The true origin of project management nomenclature

Here’s a (lighter) take on the etymology of some of our common PM terms:

1. Milestone – originally “millstone”.  A large, heavy object used to grind resources that can also be used to defeat a project manager’s attempts to stay afloat.

2. Scope – short form for “endoscope“.  A tool used to look inside a customer’s body to identify what ails them.  Wielding scope  (also known as “scope control”) usually results in discomfort to the customer with monetary gains for the wielder.

3. Budget – from the old French word, Bougette – a purse.  Usually this purse’s strings are welded shut by your project sponsor.

4. Sponsor – the term originally signified an experienced individual that would guide you through a growth initiative such as a twelve-step program.  In recent years, the term has changed in to identify someone that is likely to put you into Alcoholics Anonymous.

5. Issue – The act or an instance of flowing, passing, or giving out.  The key definition to extract from that last sentence is the “the act of passing out” as that is applicable to a project manager that has logged one too many issues.
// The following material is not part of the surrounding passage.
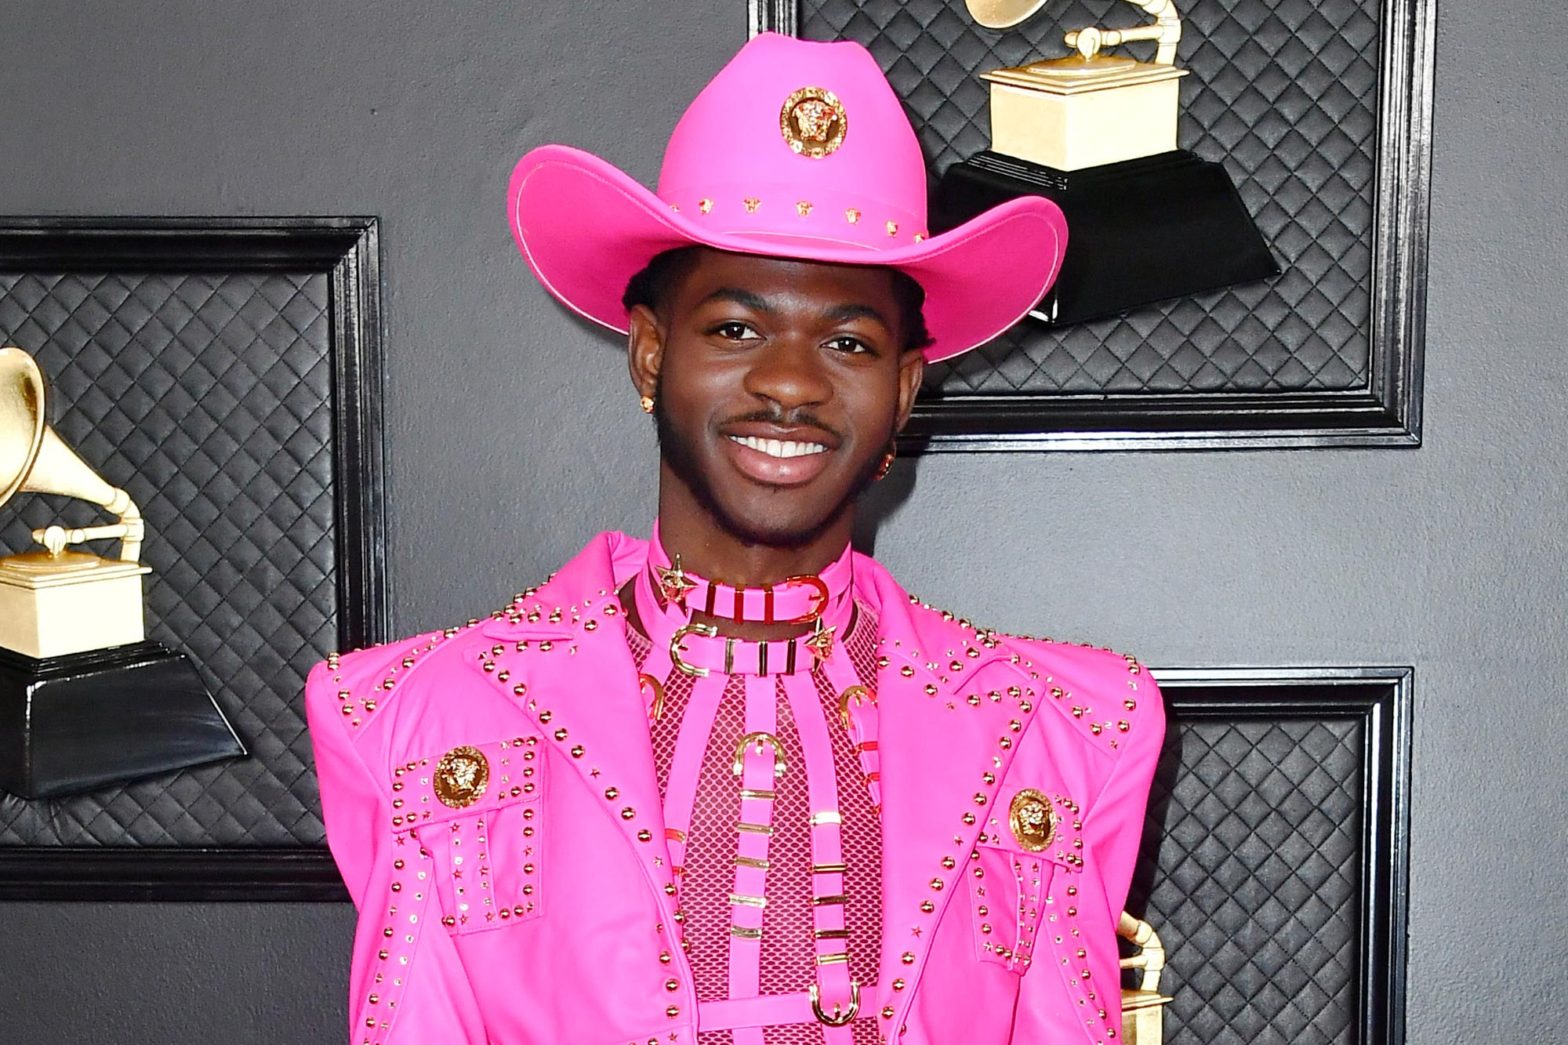 Image of Lil Nas X the rapper at the Grammy's wearing pink leather cowboy clothes

6. Monte Carlo simulation – Named in honor of the famous casino to warn practitioners that at some level, project planning is the same as gambling – once you think you’ve created a predictable plan for your project, you’ll usually go broke.

7. Critical Chain – The chains that were used to bind rowing slaves to their benches on merchant ships.

8. Progress – A Russian expendable freighter spacecraft.

9. Baseline – an imaginary line or standard by which things are measured or compared.

10. Stakeholders – The assistants that Dr. Helsing employed to hold the implements that were used to eliminate Count Dracula.